§ EXERCISE OBJECTIVE
A full, exact copy of the listing is needed, with images omitted.

§ COLLECTED MATERIAL
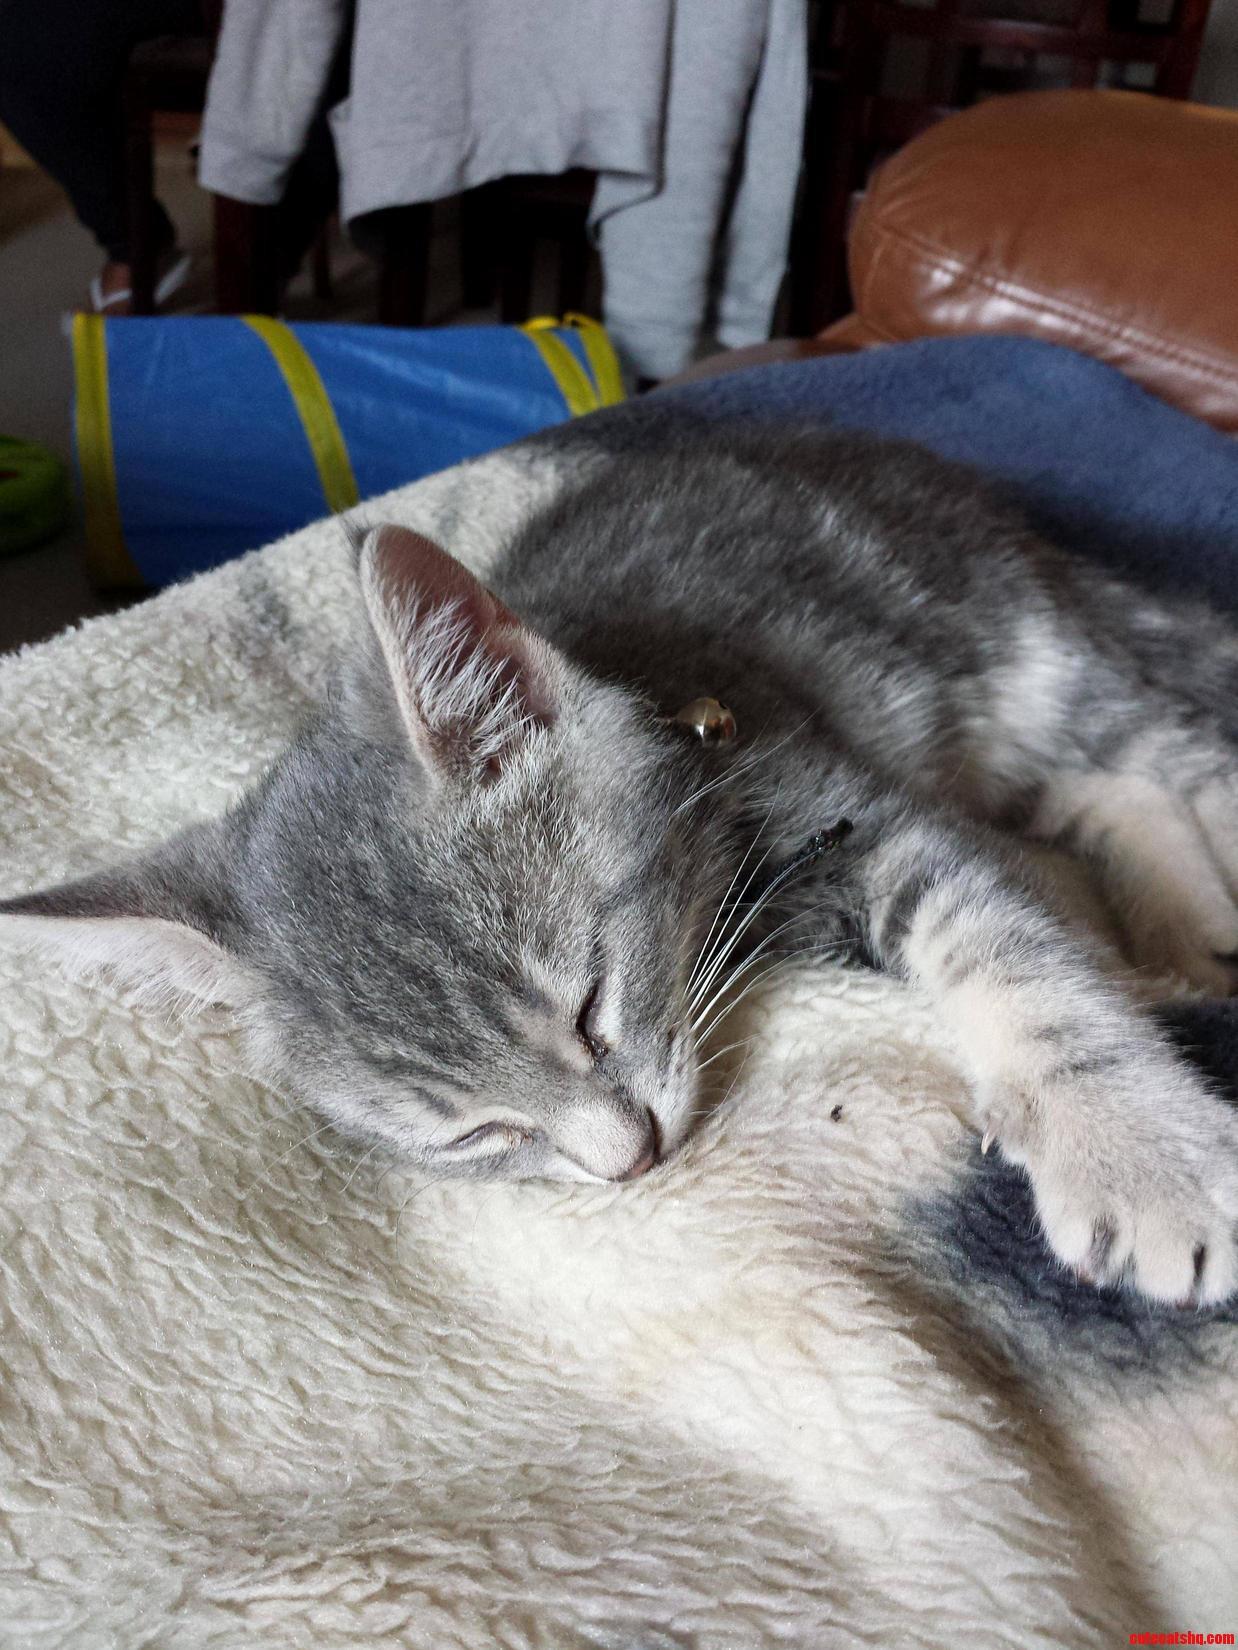 My Mom Got A New Kitten And He Belongs Here. Meet Hutch.
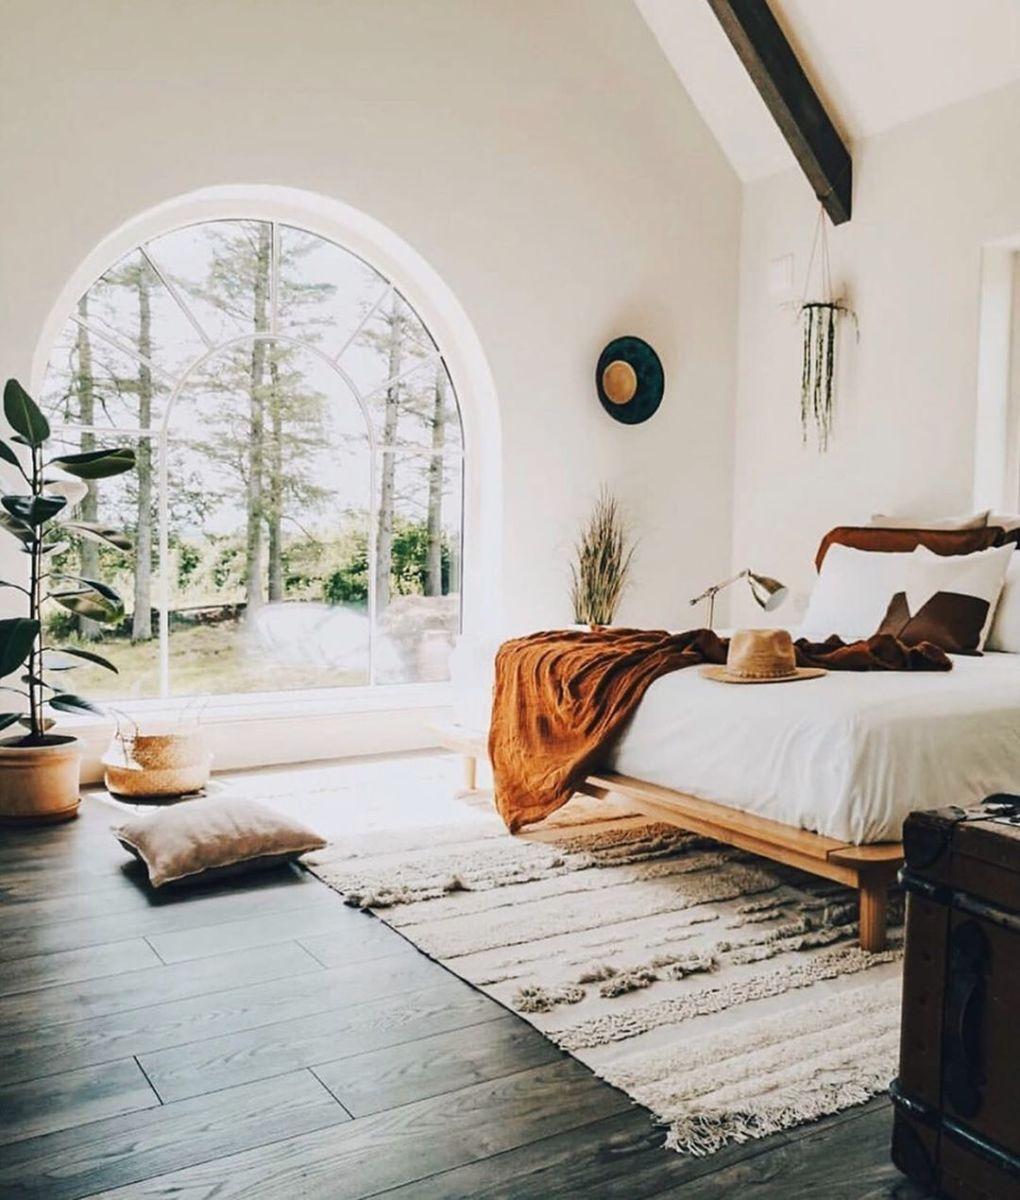 Minimal Interior Design Inspiration 203 Home Home Bedroom House Interior Dream bedroom interior design
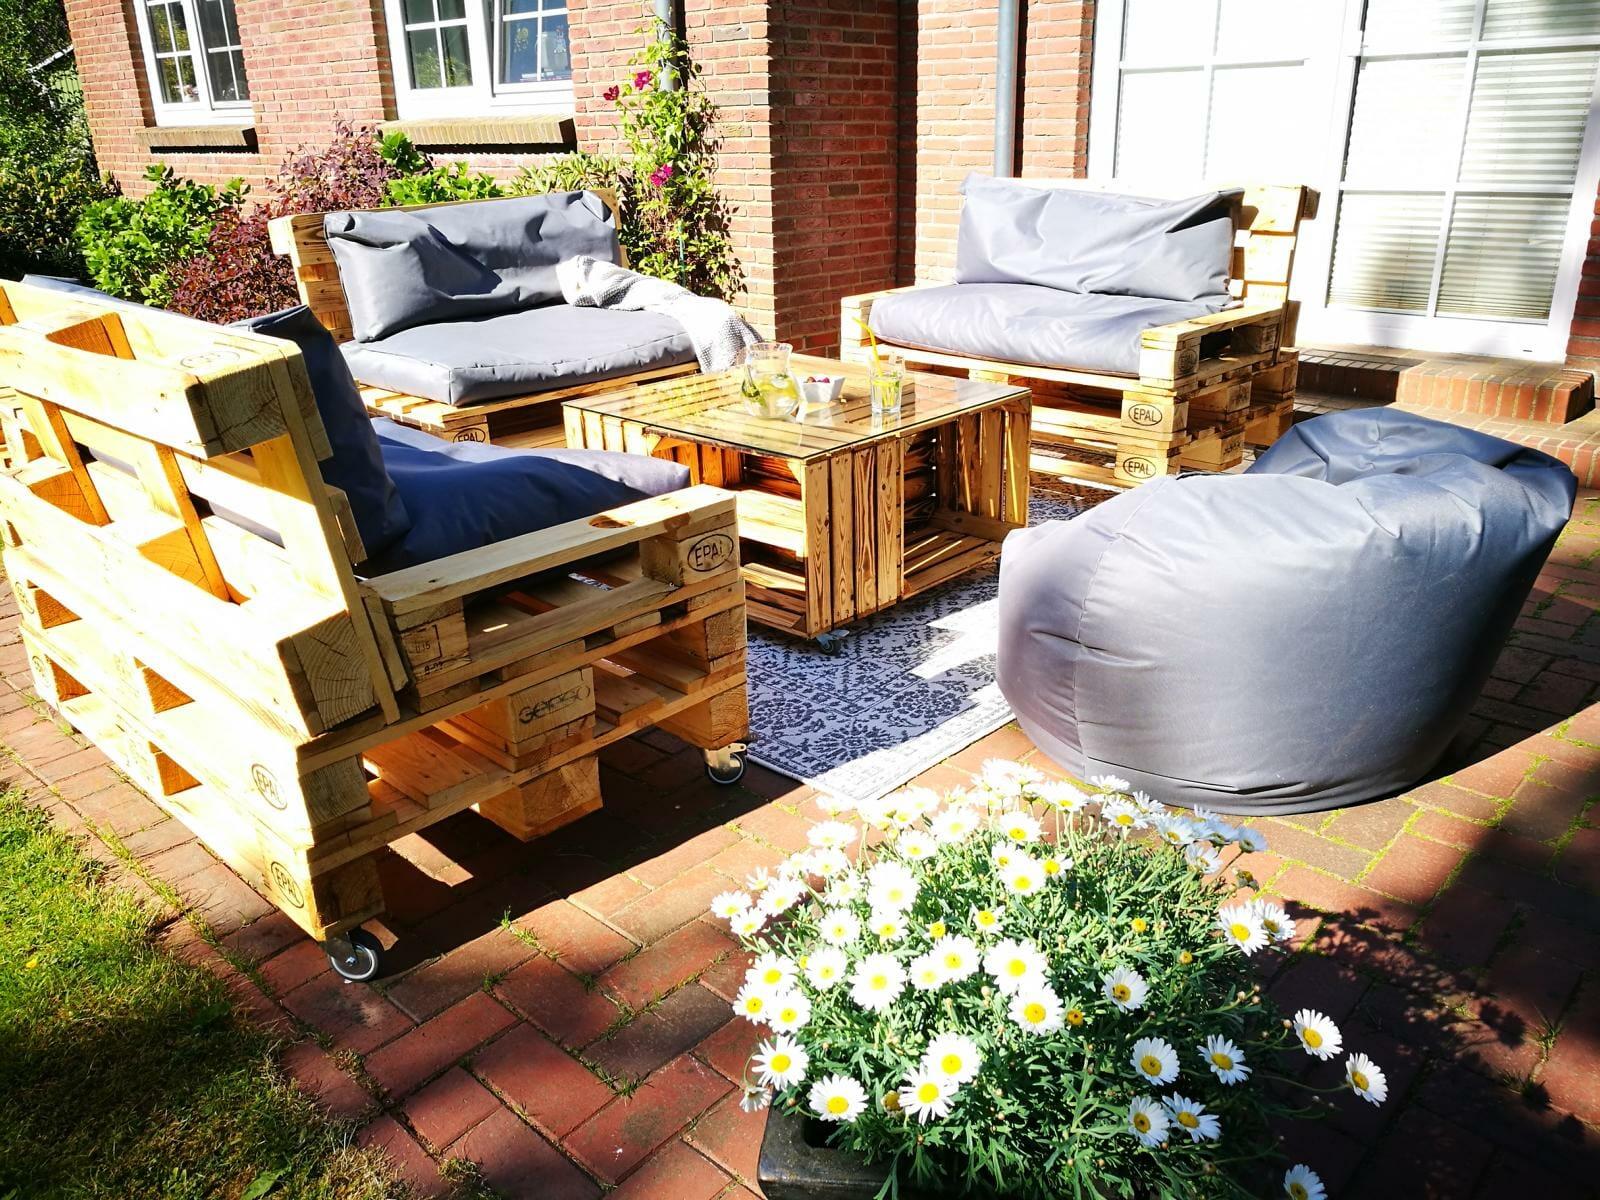 Full Size of Couch Terrasse Gartenmbel Aus Paletten Diy Tipps Palettenmbel Shop Wohnzimmer Couch Terrasse

§ RESPONSE BOX
 My Mom Got A New Kitten And He Belongs Here. Meet Hutch.
 Minimal Interior Design Inspiration 203 Home Home Bedroom House Interior Dream bedroom interior design
 Full Size of Couch Terrasse Gartenmbel Aus Paletten Diy Tipps Palettenmbel Shop Wohnzimmer Couch Terrasse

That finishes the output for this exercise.